SECTION 5.02 Valid and Binding Agreement. This Agreement constitutes and
---------------------------
will constitute the valid and binding obligation of such Shareholder.
SECTION 5.03 Marital Status. Such Shareholder has not commenced an action
--------------
for divorce or annulment of his or her current marriage in any court. Such
Shareholder's Shares are not subject to any lien as security for the payment of
alimony, child support or other award granted in any prior divorce or annulment
proceeding.
SECTION 5.04 Shareholder Agreements. Except the Buy-Sell Agreements among
----------------------
VFAM and the Shareholders which will terminate at Closing, there are no
agreements among or between VFAM and such Shareholder and no agreements between
such Shareholder and any other Shareholder pertaining to VFAM or the VFAM Common
Stock. Except the Buy-Sell Agreements among VFAM and the Shareholders which will
terminate at Closing, such Shareholder does not have (i) any interests in the
property, tangible or intangible, including without limitation, licenses,
inventions, processes, know how or formula of a proprietary nature used in or
pertaining to the business of VFAM, or (ii) any contract, commitment, claim,
arrangement or understanding, including, without limitation loan arrangement,
with VFAM. Such Shareholder does not have any ownership or stock interest in any
other enterprise, firm, corporation, trust or any other entity which is engaged
in any contractual arrangement or understanding with VFAM or is engaged in any
line or lines of business which are the same as, or similar to, or competitive
with, the line or lines of business of VFAM. For the purpose of this
representations, ownership of not more than 3% of the voting stock of any
publicly-held company whose stock is listed on a recognized securities exchange
or traded over-the-counter shall be disregarded.
ARTICLE VI
REPRESENTATIONS AND WARRANTIES OF SBI AND BUYER
As a material inducement to VFAM and the Shareholders to enter into this
Agreement, SBI and Buyer makes the following representations and warranties to
VFAM and the Shareholders:
SECTION 6.01 Organization. Each of SBI and Buyer is a corporation duly
------------
organized, validly existing and in good standing under the laws of the
jurisdiction of its incorporation, and has the corporate power and authority to
carry on its business as presently conducted, to enter into this Agreement, and
the other documents and instruments to be executed and delivered by SBI and
Buyer pursuant hereto and to carry out the transactions contemplated hereby and
thereby.
SECTION 6.02 Authority. The execution and delivery of this Agreement and
---------
the other documents and instruments to be executed and delivered by SBI and
Buyer pursuant hereto and the consummation by SBI and Buyer of the transactions
contemplated hereby have been duly authorized by their respective Board of
Directors.
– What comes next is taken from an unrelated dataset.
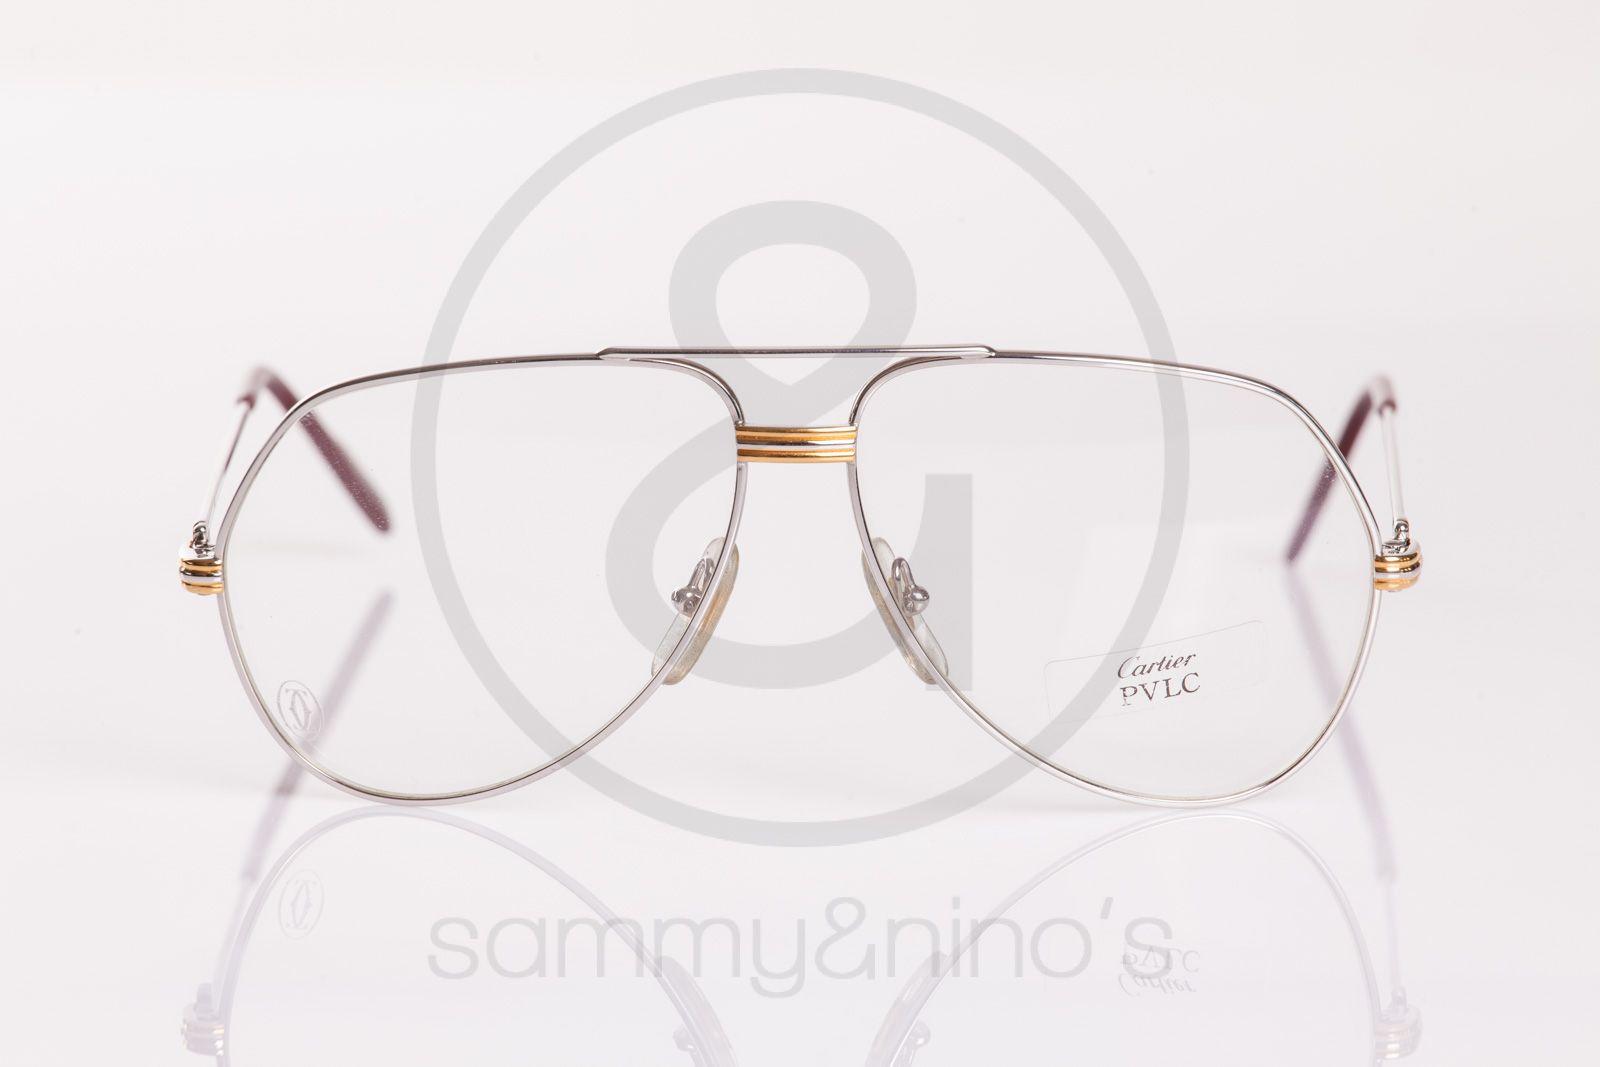 a84749f05bc4 Cartier Vendome platinum 59-12

No other corporate act or proceeding on the part of SBI or Buyer is
-23-
necessary to authorize this Agreement, or the other documents and instruments to
be executed and delivered by SBI or Buyer.
SECTION 6.03 Consents and Approvals; No Violation. This Agreement
------------------------------------
constitutes or will constitute valid and binding agreements of SBI and Buyer,
enforceable in accordance with its terms, and except as such enforceability may
be limited by bankruptcy or other similar laws affecting creditors' rights and
remedies generally, neither the execution and delivery of this Agreement, nor
the consummation of the transactions contemplated hereby (i) conflict or result
in a breach of any provision of the Articles of Incorporation or Bylaws of SBI
or Buyer, (ii) result in a violation or breach of, or constitute with or without
due notice or lapse of time or both) a default (or give rise to any right of
termination, amendment, cancellation or acceleration) under, any of the terms,
conditions or provisions of any note, bond, mortgage, indenture, lease, license,
contract, agreement or other instrument or obligation to which Buyer is a party
or by which any of its properties or assets may be bound or (iii) violate any
order, writ, injunction, decree, statute, rule or regulation applicable to SBI
or Buyer or any of its properties or assets. Except as set forth on Schedule
6.03, no permit, authorization, consent or approval of, any court or other
adjudicatory body, administrative agency or commission or other governmental or
regulatory authority or agency is required in connection with the execution,
delivery or performance by SBI or Buyer of this Agreement or the consummation of
the transactions contemplated hereby.
SECTION 6.04 Disclosure. No representation or warranty by SBI or Buyer
----------
contained in this Agreement, and no statement contained in any Exhibit or
Schedule hereto or any lists, certificate or writing delivered in connection
herewith or pursuant hereto contains any untrue statement of a material fact, or
omits to state a material fact necessary in order to make the statements
contained herein or therein not misleading or necessary in order to fully and
fairly provide the information required to be provided in any such document.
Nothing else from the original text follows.